TABLE-US-00006 TABLE 6 Characteristic analysis results of Comparative Example 6 and Examples 13 to 15 at a diesel engine speed of 2700 rpm. HC CO NOx CO.sub.2 soot torsion Comparative 0 0 0 0 0 0 Example 6 Example 13 54.55% 44.16% 4.93% 0.45% 76.62% 0.65% Example 14 35.98% 29.87% 17.32% 3.28% 40.58% 1.69% Example 15 26.84% 45.45% 16.63% 7.50% 81.82% 6.31%

[0044] As shown in Table 2 to Table 6 above, whether at the speed of 1500 rpm representing low speed of the diesel engine, 1800 and 2100 rpm representing moderate speed of the diesel engine, 2400 and 2700 rpm representing high speed of the diesel engine, the soot emissions of Examples 1 to 3, 4 to 6, 7 to 9, 10 to 12, and 13 to 15 were significantly lower than the soot emissions of Comparative Examples 2, 3, 4, 5, and 6 respectively. Thus, it can be seen that the carbon black in the fuel oil composition selected in Example 1 to 3 would be agglomerated into larger blocks when the diesel droplets are vaporized, such that the larger blocks can be the nucleus of the ultrafine suspended particles in the smoke; besides, the porous structure of the carbon black itself can also help capture the ultrafine suspended particles and then the original ultra-fine suspended particles are adsorbed on the block to form a larger block until the block cannot be suspended in the air and sediments.

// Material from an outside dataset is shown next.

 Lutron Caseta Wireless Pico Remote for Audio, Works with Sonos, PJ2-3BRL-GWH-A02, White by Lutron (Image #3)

It proves that the use of the fuel oil compositions of Examples 1 to 3 indeed reduces ultrafine suspended particulate emissions produced by combustion, and thereby significantly reducing soot emissions.

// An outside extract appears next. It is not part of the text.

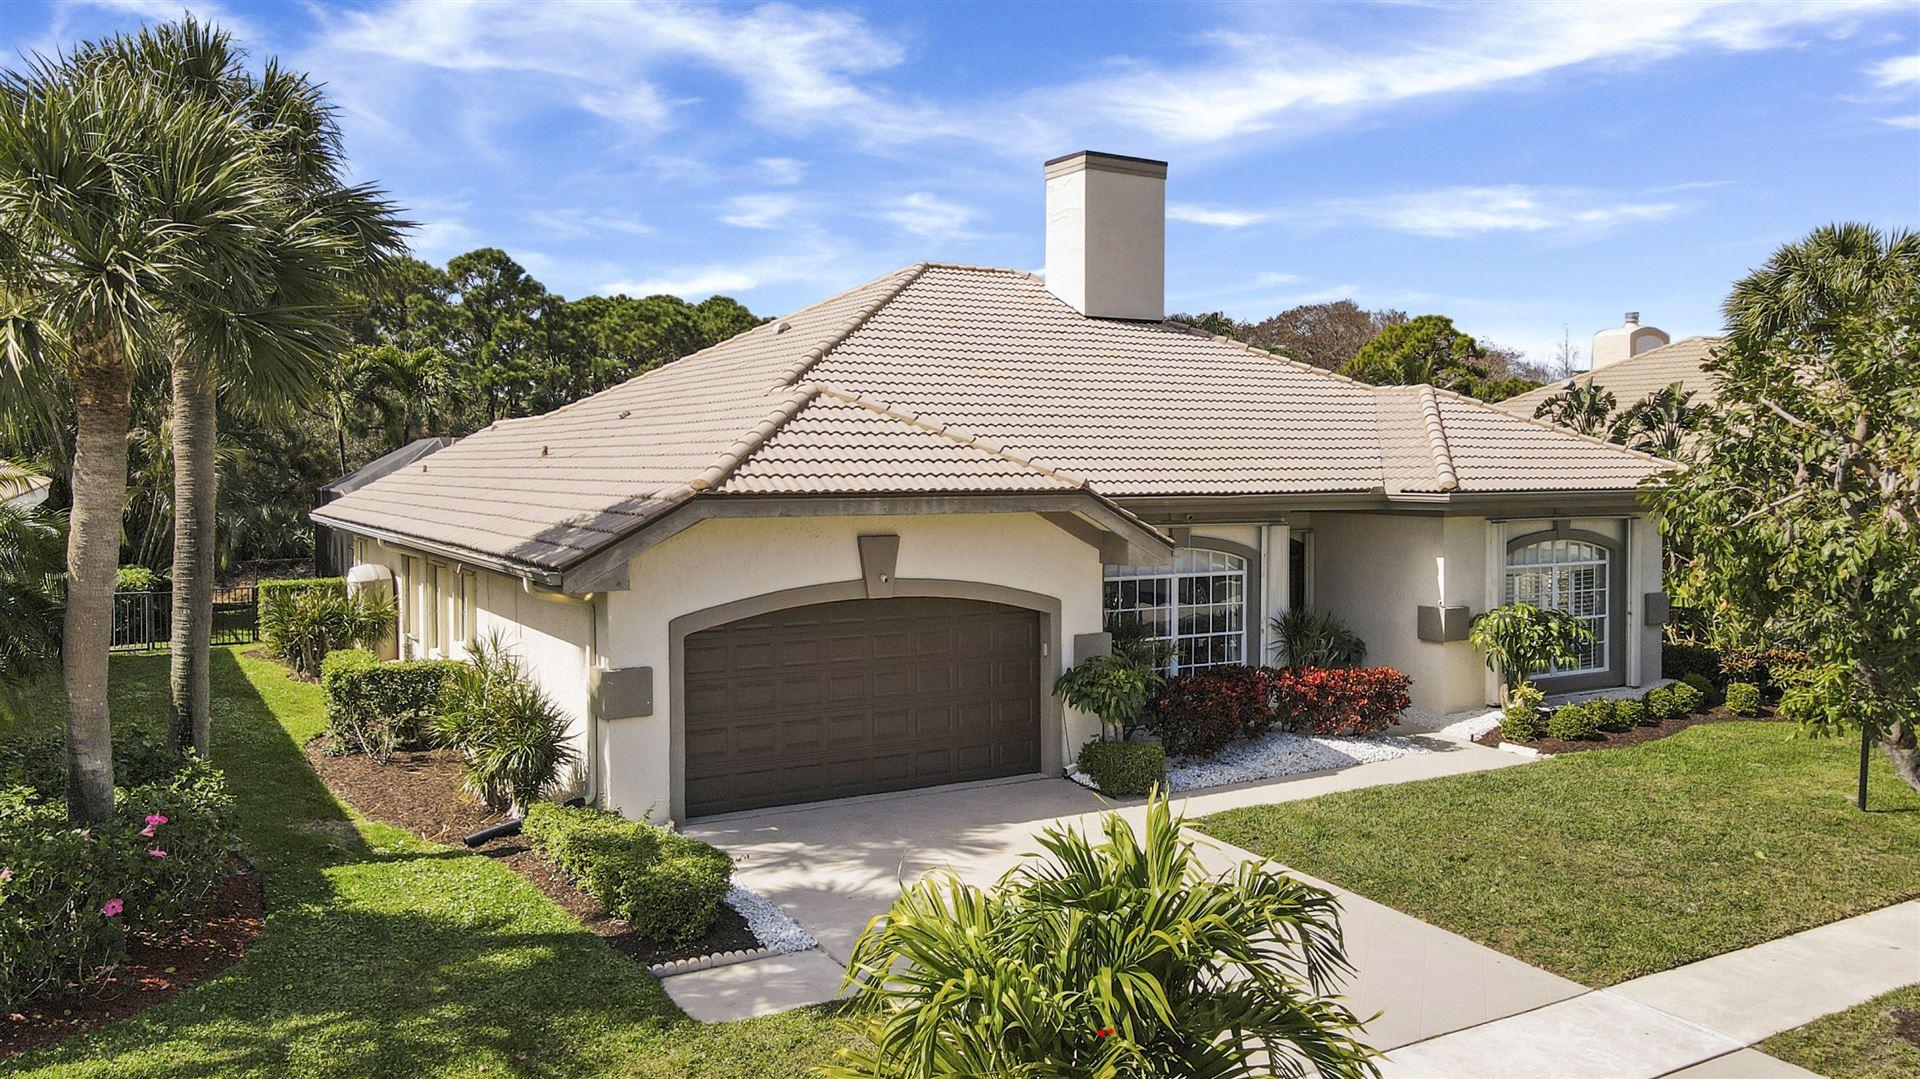 Photo of 13387 Miles Standish, Palm Beach Gardens, FL 33410 (MLS # RX-10692739)

[0045] As shown in Table 2 to Table 6, the HC and CO emissions produced by the fuel oil compositions of Preparation Examples 1 to 3 used in a diesel engine (Examples 1 to 15), were significantly decreased compared with the fuel oil compositions of Comparative Example 1 used in a diesel engine (Examples 2 to 6), indicating that the use of the fuel oil compositions of Examples 1 to 3 indeed reduces HC and CO emissions after combustion, and thereby reducing the production of greenhouse gases. It is common knowledge that HC and CO are produced by incomplete combustion, the less the HC and CO emissions, the more complete the combustion, so it is concluded that using the fuel oil compositions of the present invention improves the combustion efficiency of the fuel oil and thus saves energy

[0046] As shown in Tables 2 to 6, the NO, and CO.sub.2 emissions produced by the fuel oil compositions of Preparation Examples 2 to 3 used in a diesel engine (Examples 2, 3, 5, 6, 8, 9, 11, 12, 14, 15), were slightly increased compared with the fuel oil compositions of Comparative Example 1 used in a diesel engine (Comparative Examples 2 to 6), indicating that the fuel oil compositions of Preparation Examples 2 to 3 have a tendency of combustion concentration and thus are useful to improve the combustion efficiency of the fuel oil.

[0047] As shown in Tables 2 to 6, although a slight decrease of torque is observed in Examples 2, 3, 5 to 15, the range of decrease is still within an acceptable range and thus does not affect the normal operation of the engine. Besides, selecting the fuel oil composition of Preparation Example 1 is more beneficial to increase the torque of the diesel engine under low load, so the torques of Examples 1 and 4 are higher than those of Comparative Examples 2 and 3, respectively.

[0048] According to the above analysis, by way of adding carbon black of a particle diameter less than 1 micron, the present invention specifically improves combustion efficiency of the fuel oil composition used in the internal combustion engine, reduces the emissions of the hydrocarbon and carbon monoxide to reduce greenhouse gas production, and raises developmental potential of the fuel oil composition in the invention, because carbon black has a lower cost, higher reactivity compared with other material such as grapheme.